Image copyright © by Marcus Trahan

La La Land

(2016)

Thank you, Damien Chazelle, for giving me La La Land. Watching it, I kept wondering if this was the first time I had really smiled in 2017. (It’s not been a good year.) I mean, it had me from the first minute, when hundreds of people stepped out of their cars stalled on the freeway and began to sing and dance. It is one of the most delightful and astonishing musical numbers I have ever seen, and it appears to have been done in one long take. (It wasn’t, there is digital stitching, but I defy you to detect it.) (It also happened to have been filmed on the hottest days of the year, well over 100 degrees, and they only had that freeway ramp for two days. Must have been horrible.) Everything about this movie is magical. It is all about romance, but where most musicals stick to the old formula of boy meets girl, boy loses girl, boy gets girl, this one omits the last part. In fact, halfway through, when Ryan Gosling and Emma Stone (who really deserved her Oscar) start to have troubles in their relationship, the movie stops being a musical. No more bright and glossy numbers. But it doesn’t lose the magic. And even if it had, it ends with a number even more amazing than the opener. I have to go all the way back to An American in Paris to recall an extended number as great as this one.

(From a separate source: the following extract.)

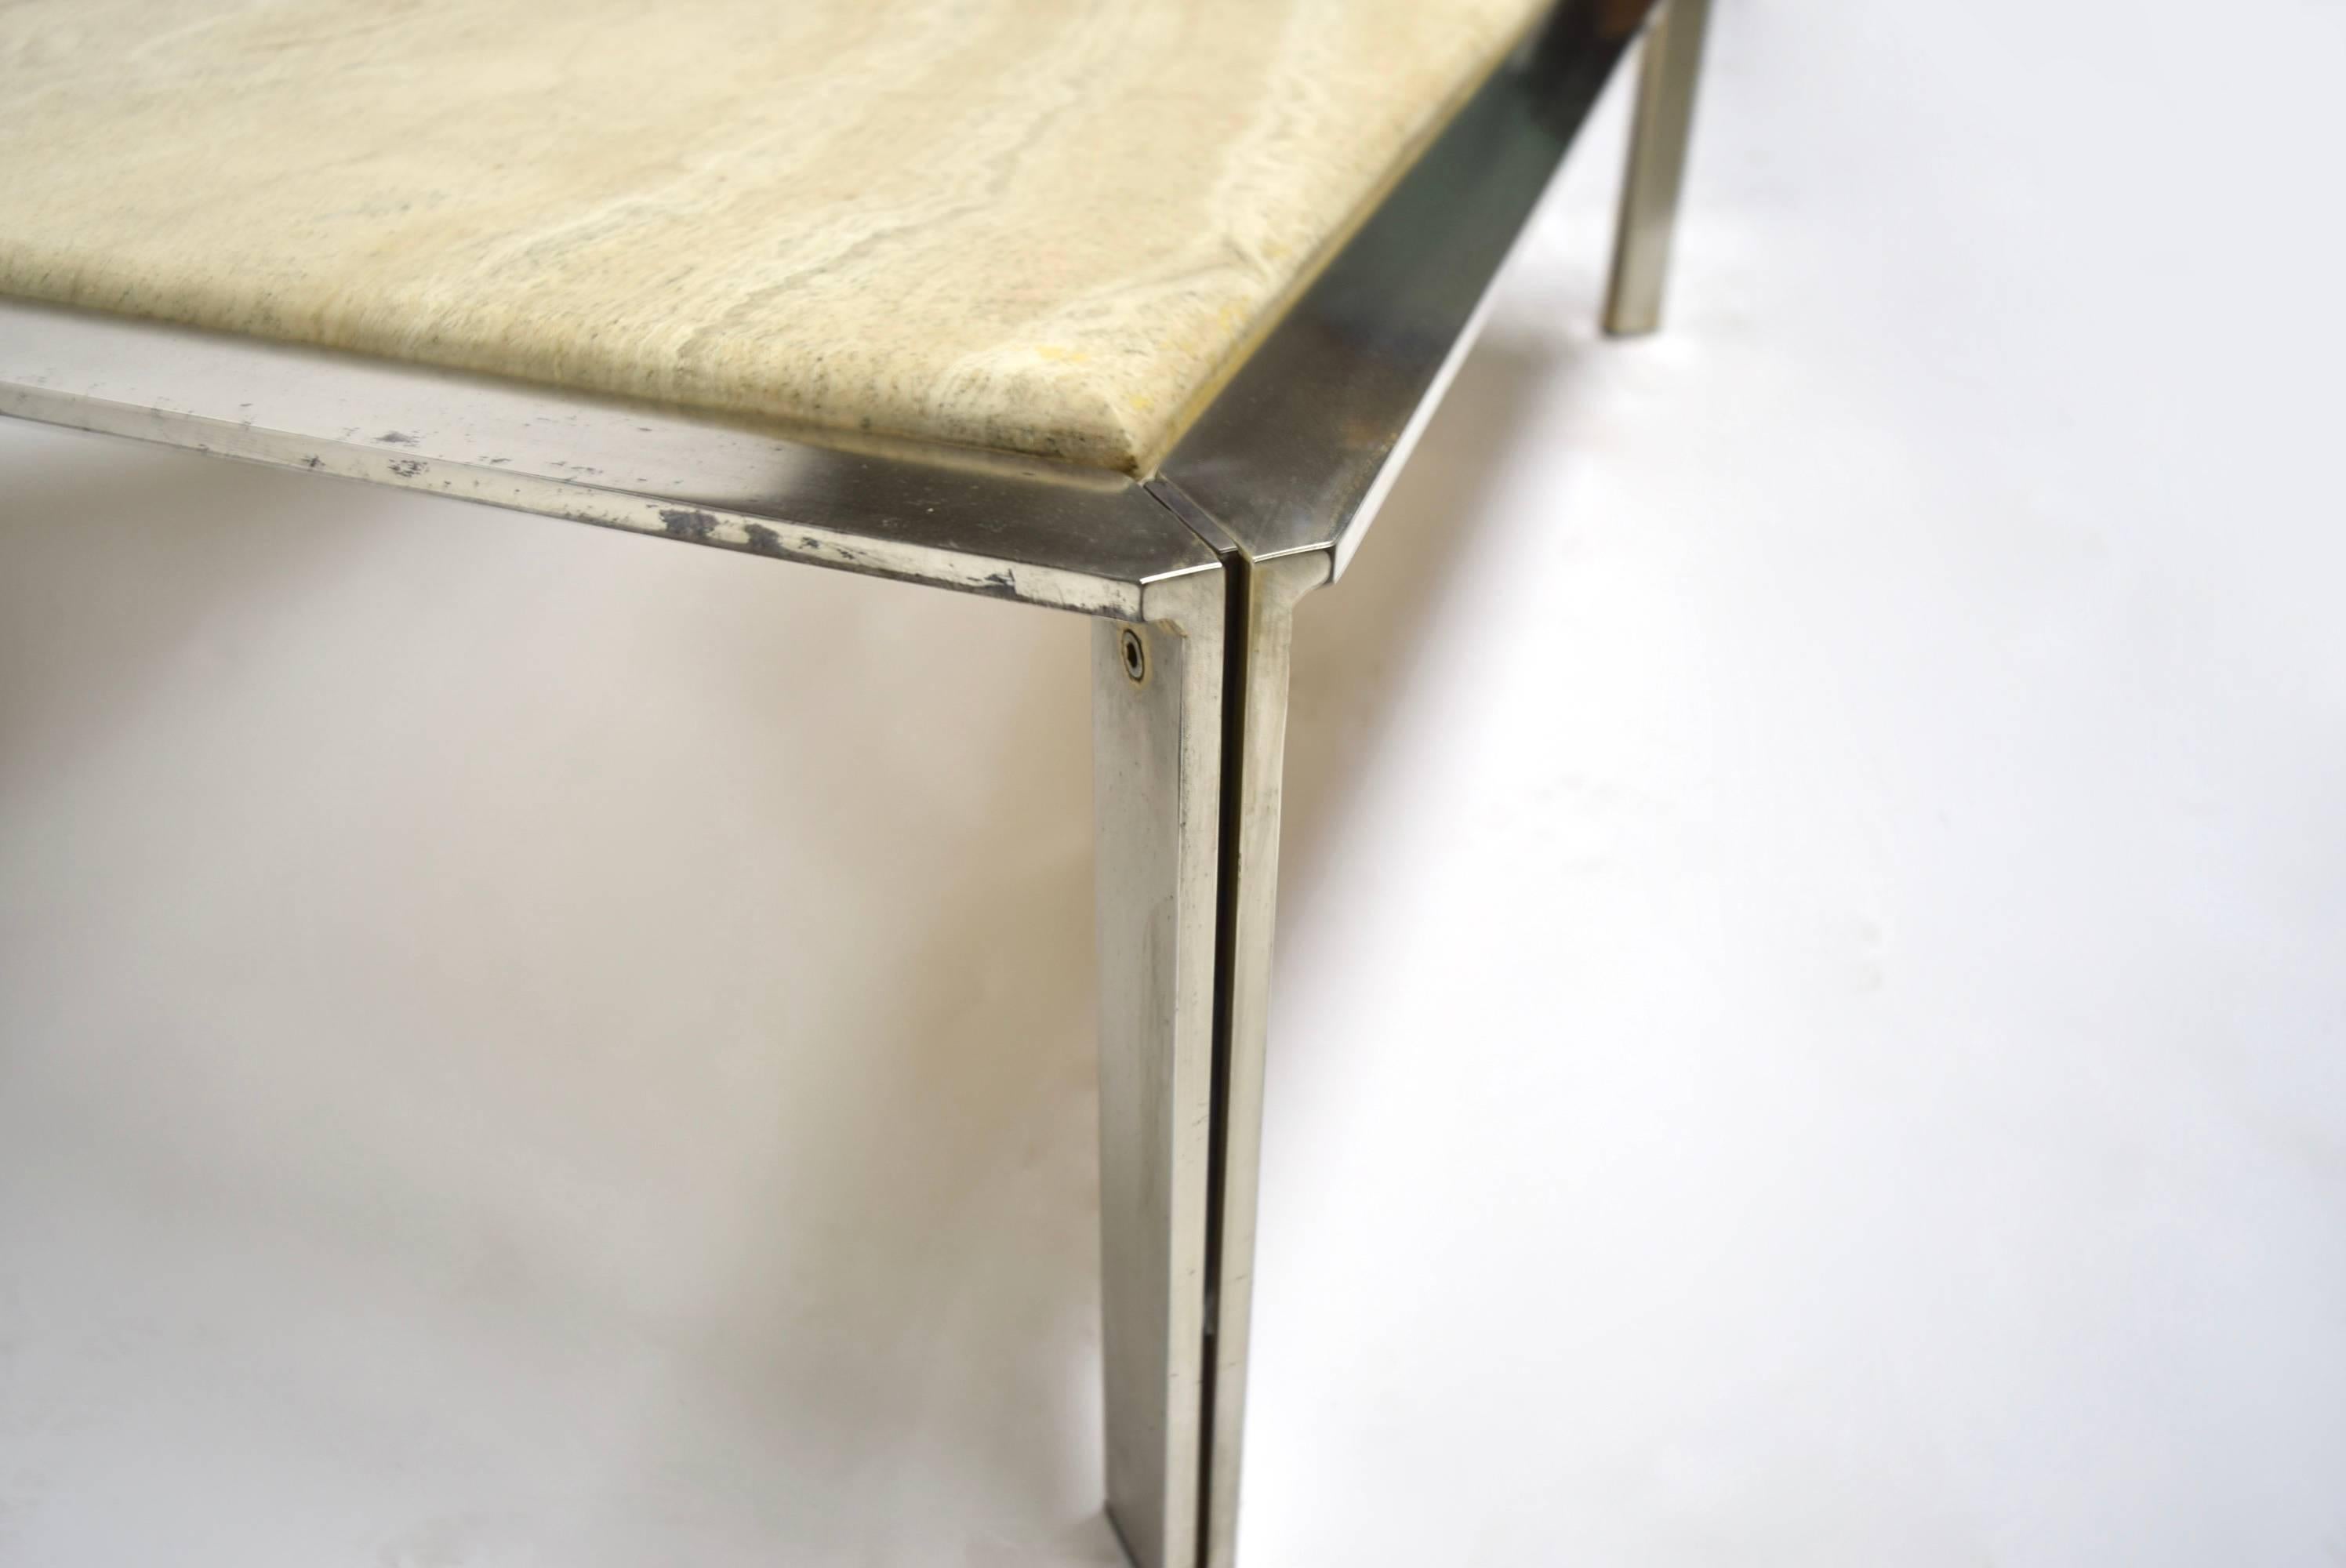 Late 20th Century Steel Coffee Table with a Travertine Top circa 1970, made in France For Sale

And I’ll just say it right out loud: Faye Dunaway was right, this was the Best Picture of the year, not that highly-overrated downer Moonglow. And something else. Bill Maher has been making a big deal out of his contention that Ryan Gosling can’t sing and can’t dance. Well, fuck you, Maher! You’re wrong. He’s no Gene Kelly, it is true, but who is? Those two worked their asses off learning to do these things, and it all worked for me.

BTW: Ryan Gosling does by far the best fake piano playing I have ever seen in a movie. He worked hard for a long time, and while Liberace’s ghost didn’t have anything to worry about, he could handle the basics, and totally fool us with the hard stuff because his hands were always in the right places on the keyboard, doing the right things, pounding out the jazz riffs perfectly. It’s a wonder to behold.